---- DATA EXTRACT
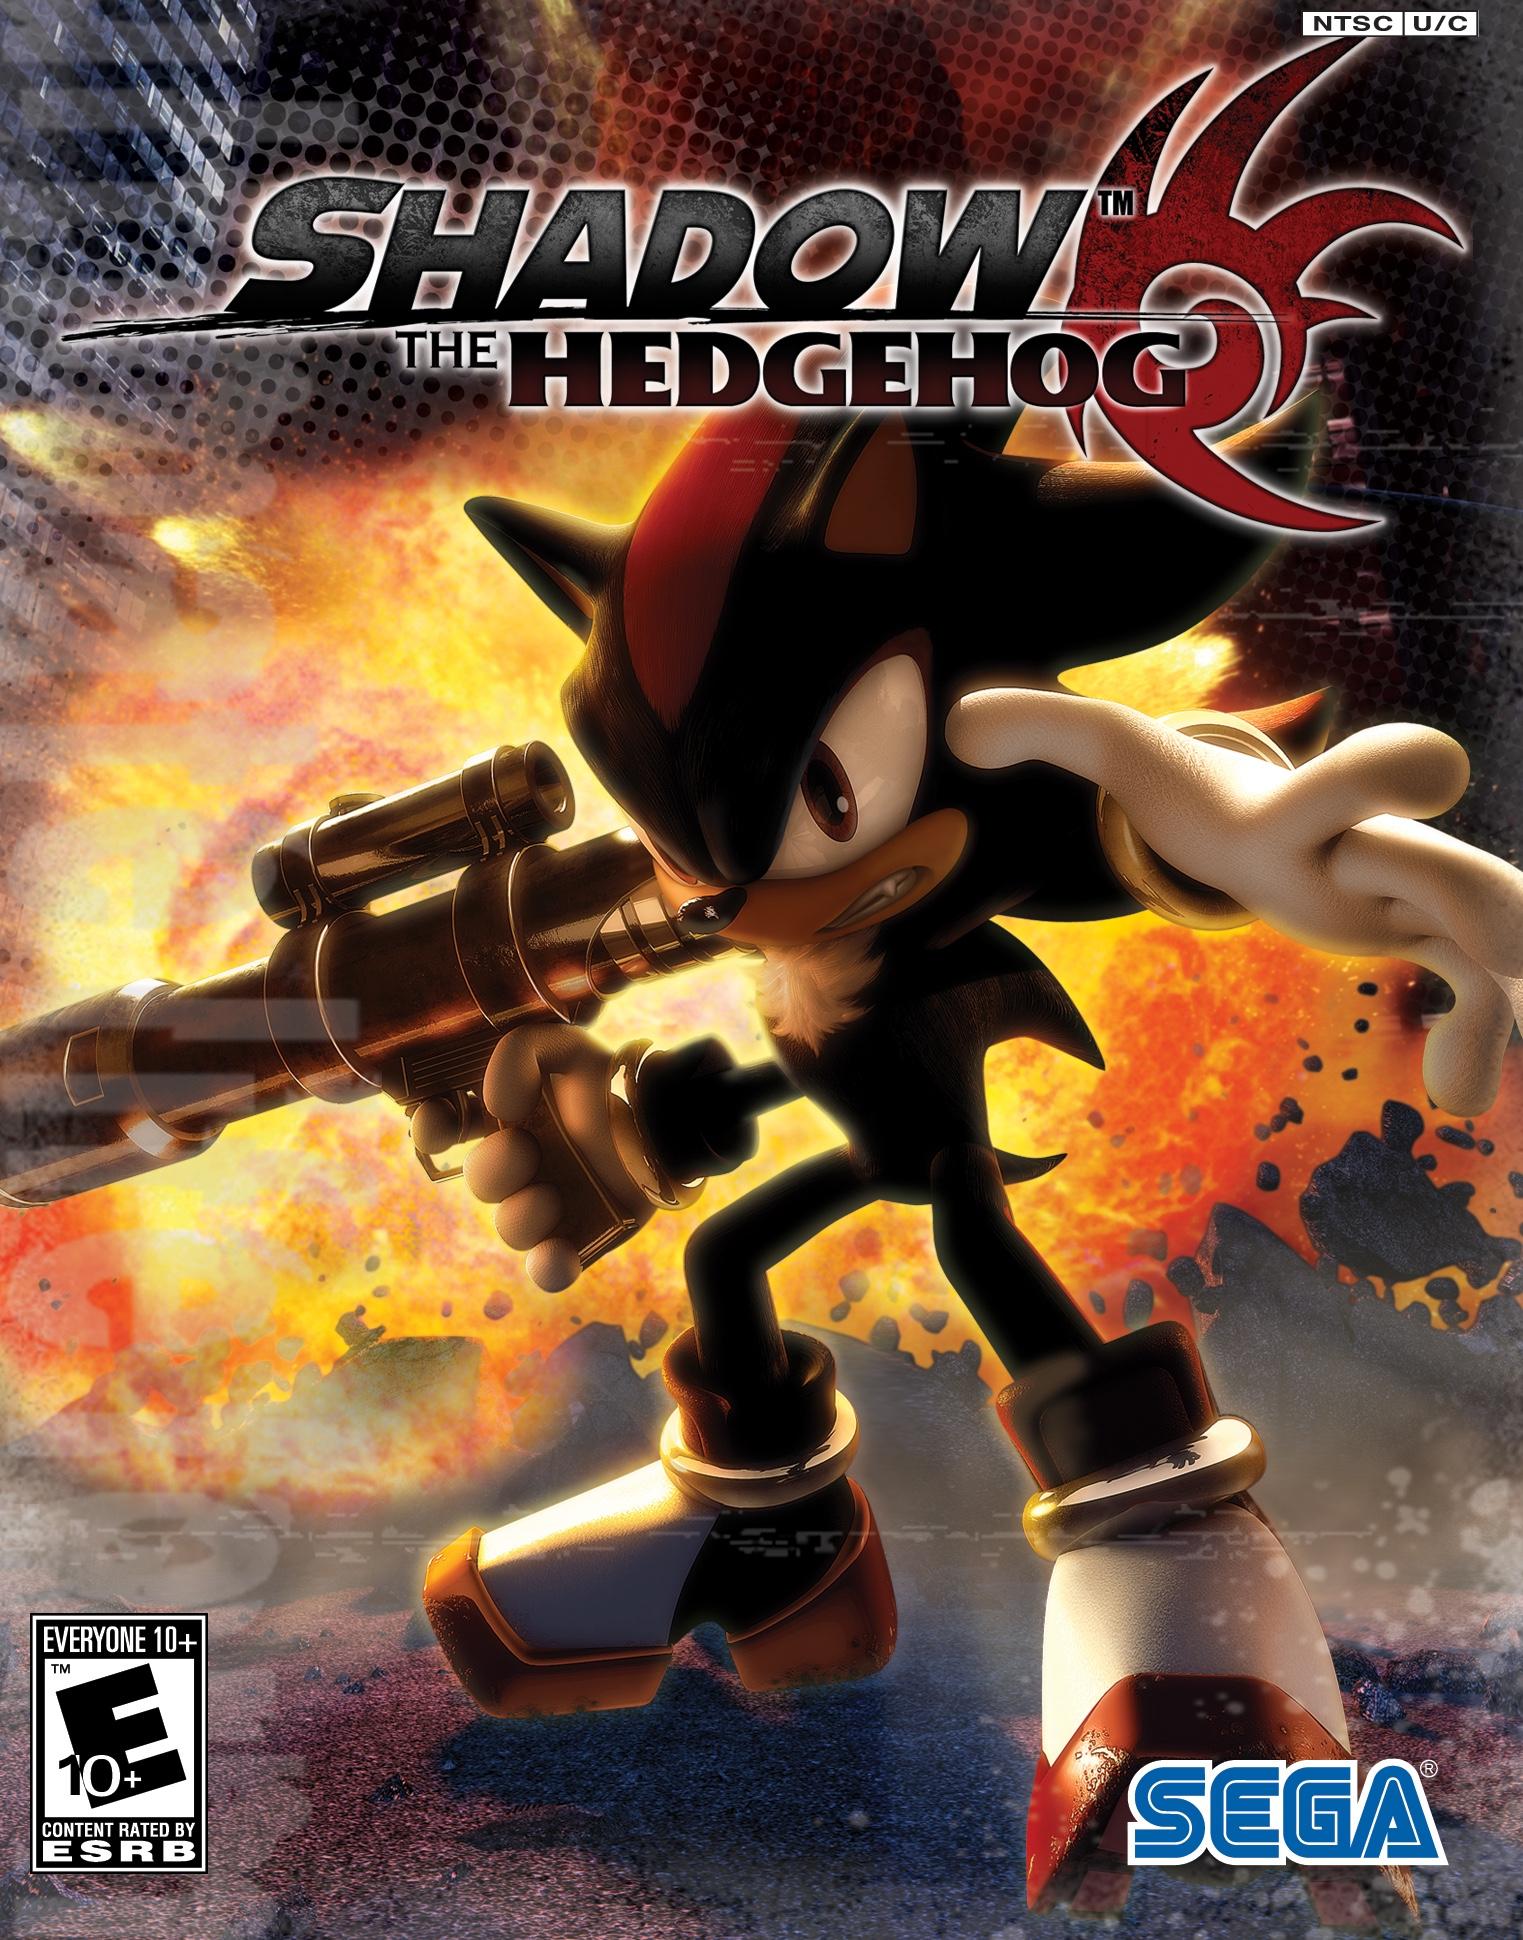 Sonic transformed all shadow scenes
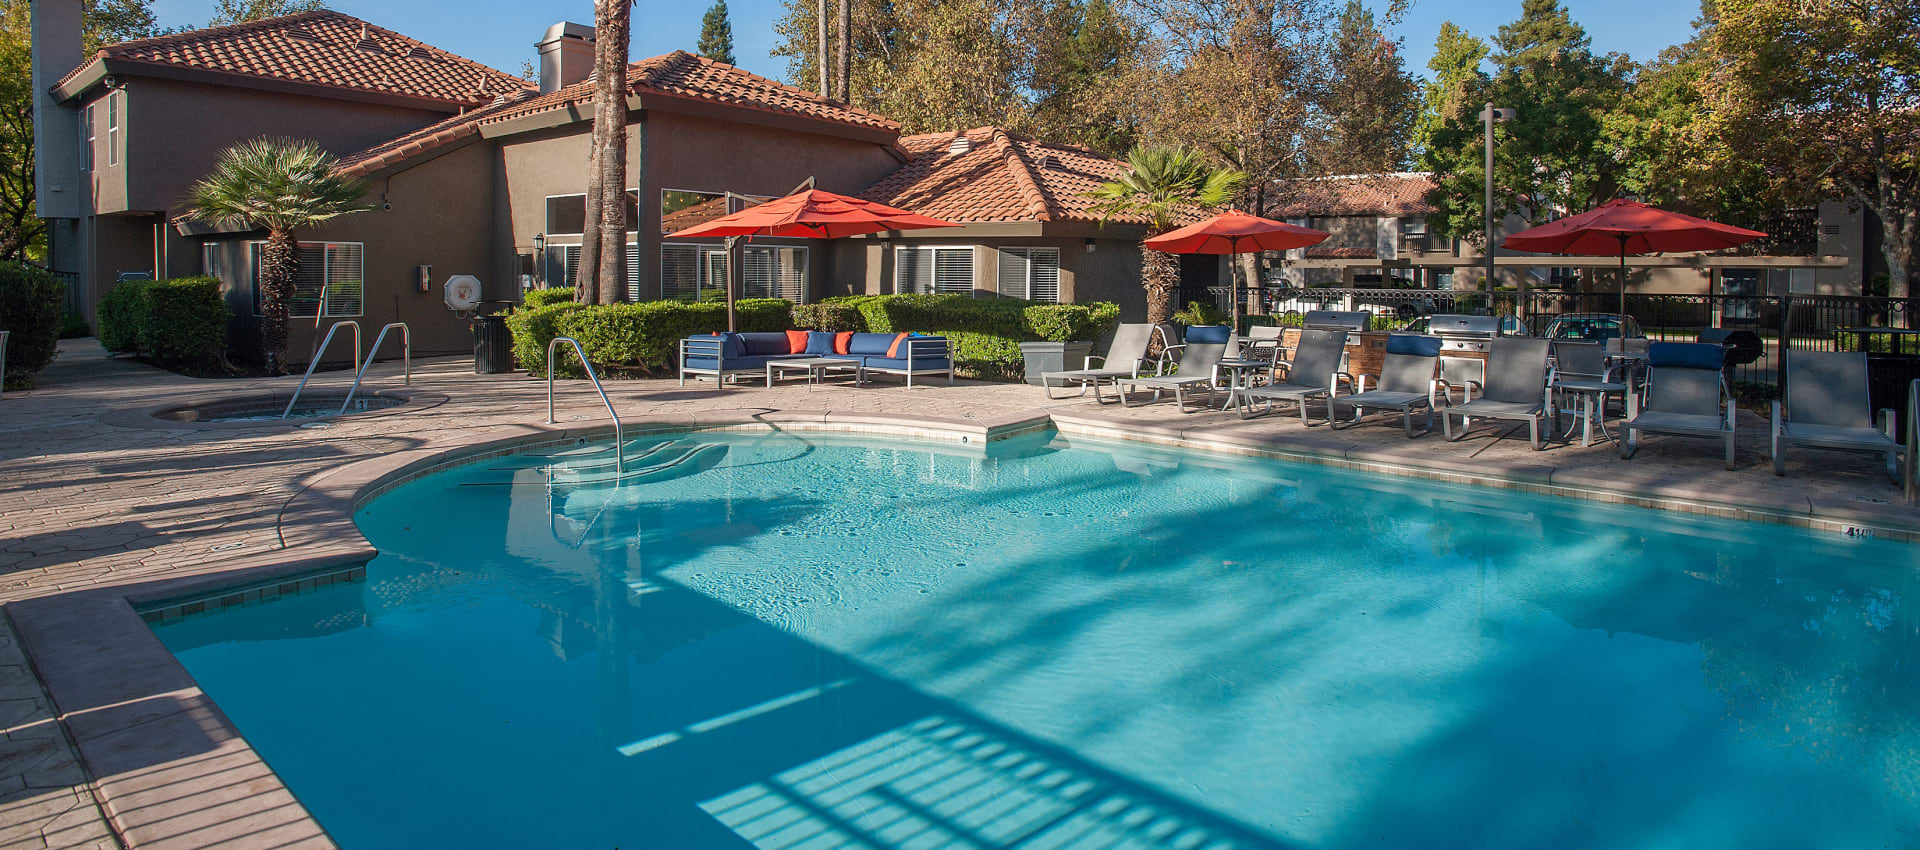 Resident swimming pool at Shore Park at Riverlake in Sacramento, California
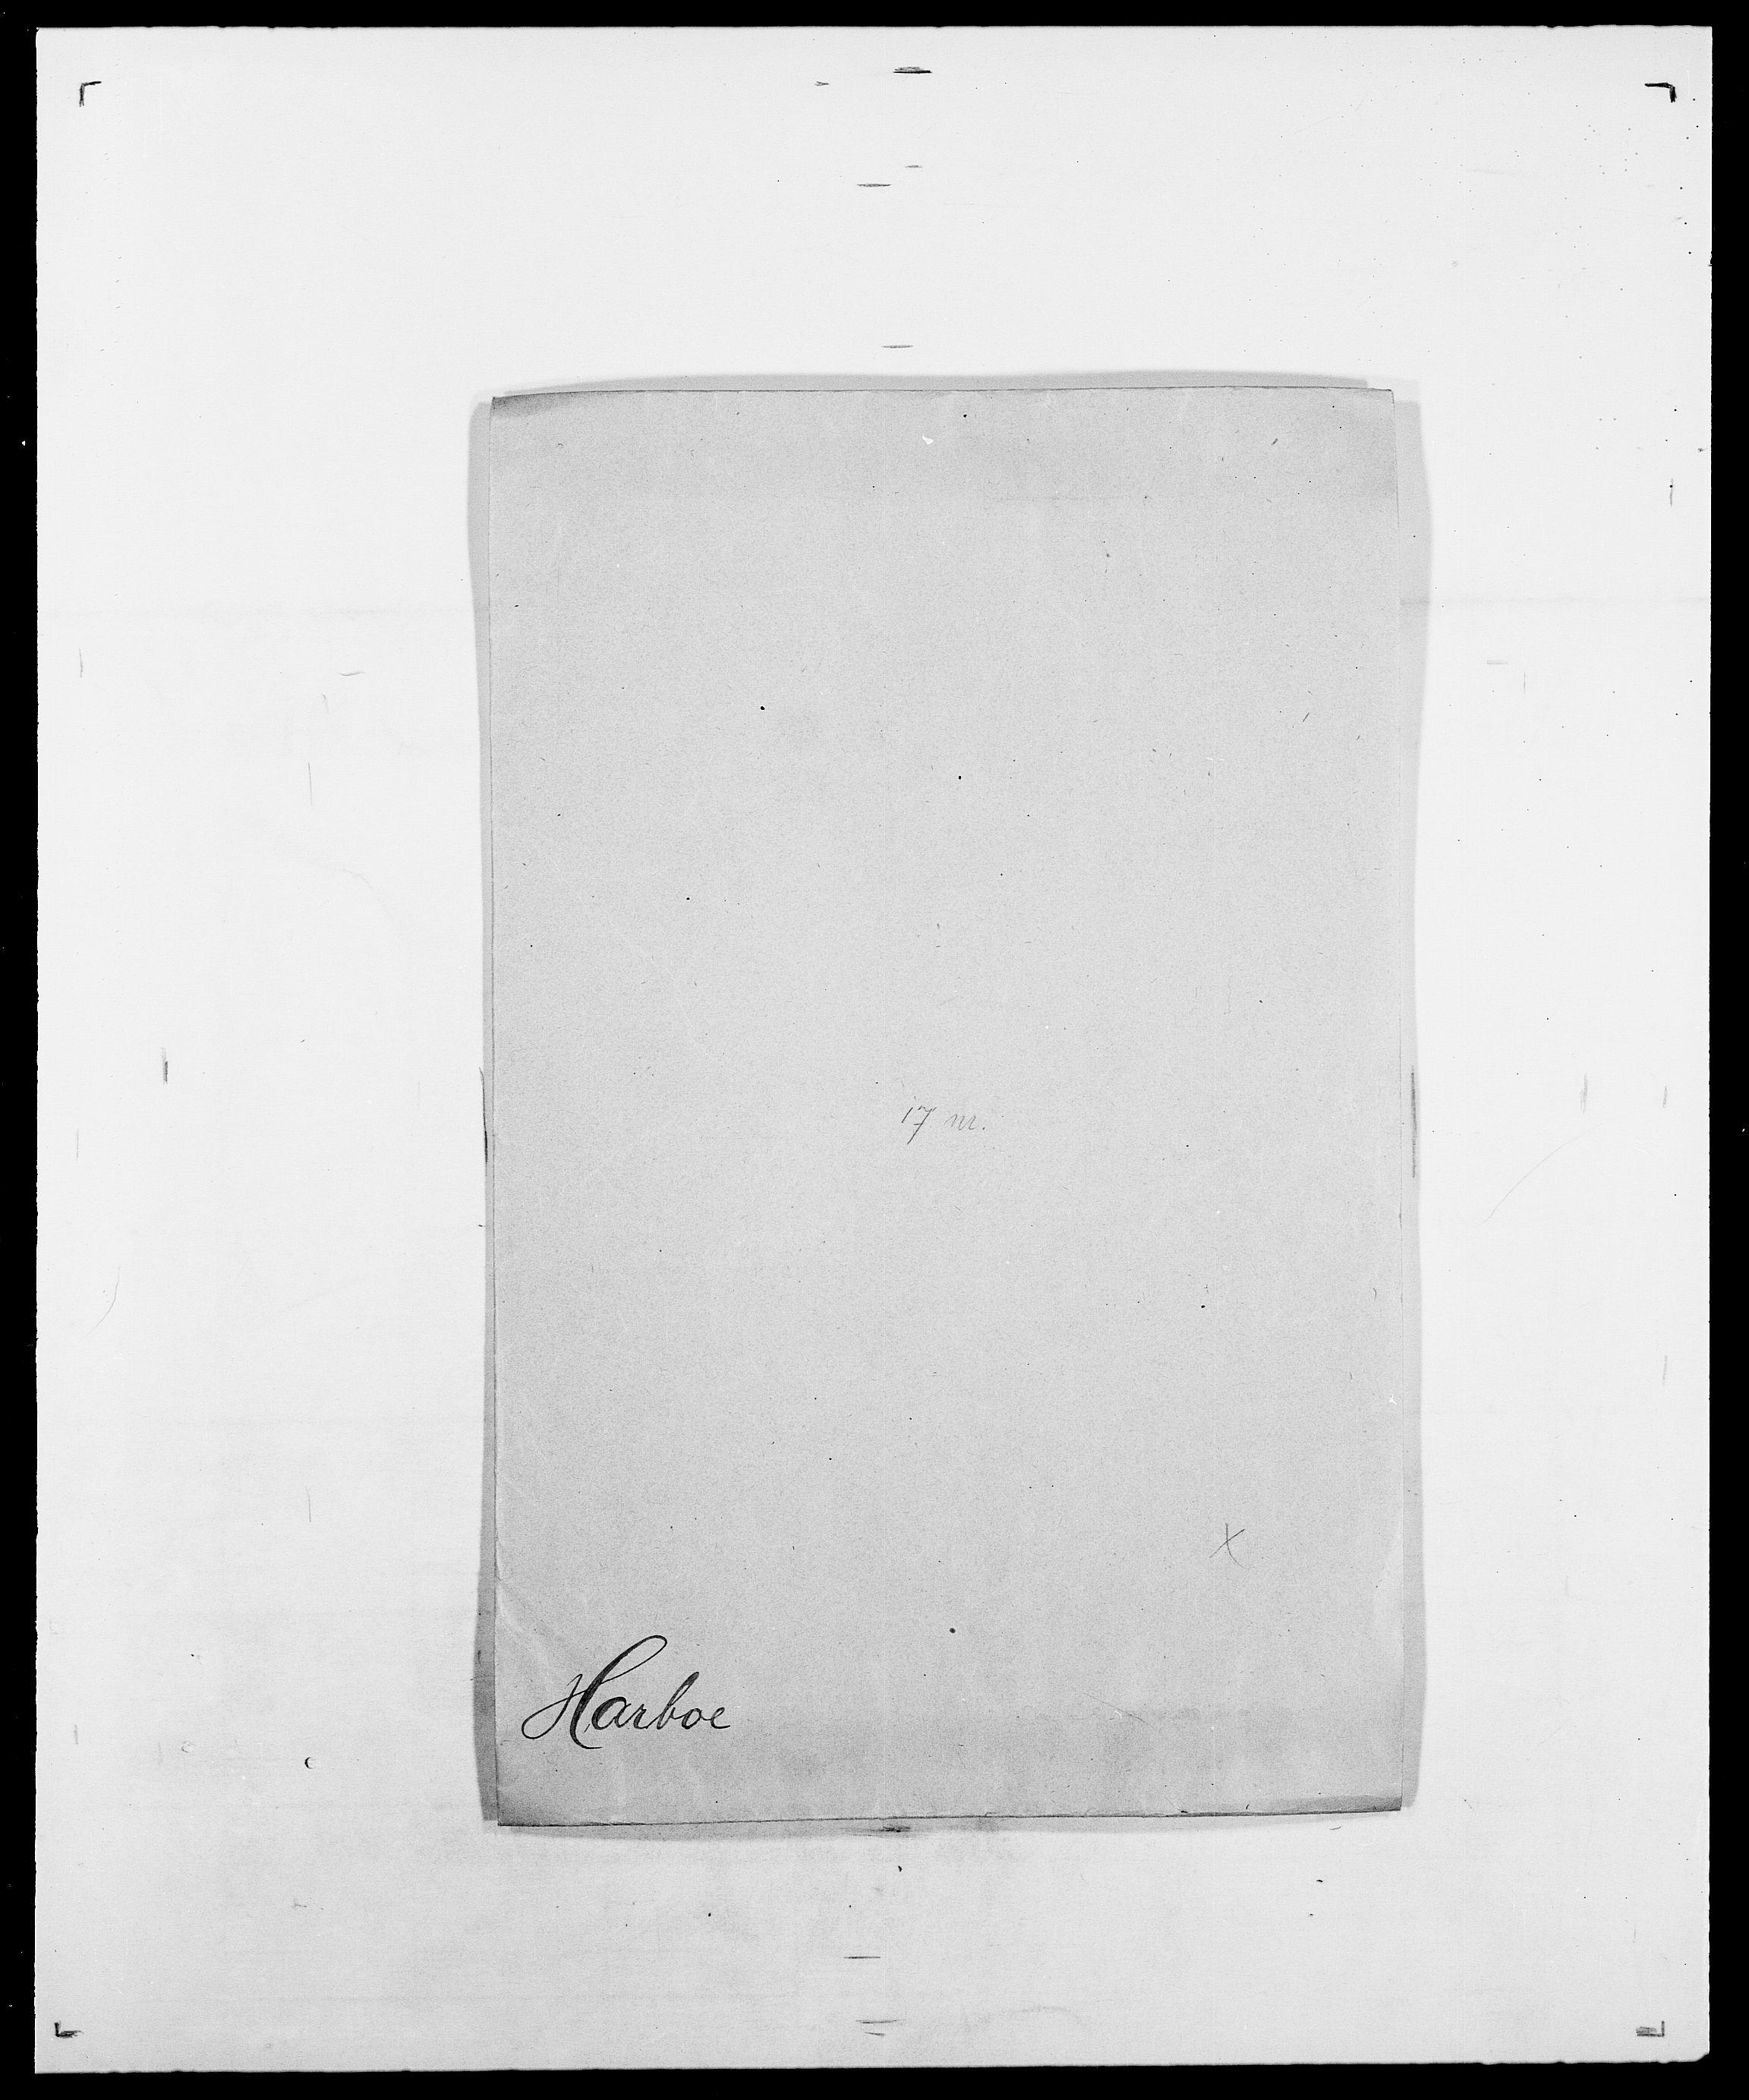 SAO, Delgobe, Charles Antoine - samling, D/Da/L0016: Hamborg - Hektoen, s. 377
--------
= INSTRUCTIONS TO FOLLOW =
Return every line above exactly, omitting images.

= EXERCISE RESULT =
 Sonic transformed all shadow scenes
 Resident swimming pool at Shore Park at Riverlake in Sacramento, California
 SAO, Delgobe, Charles Antoine - samling, D/Da/L0016: Hamborg - Hektoen, s. 377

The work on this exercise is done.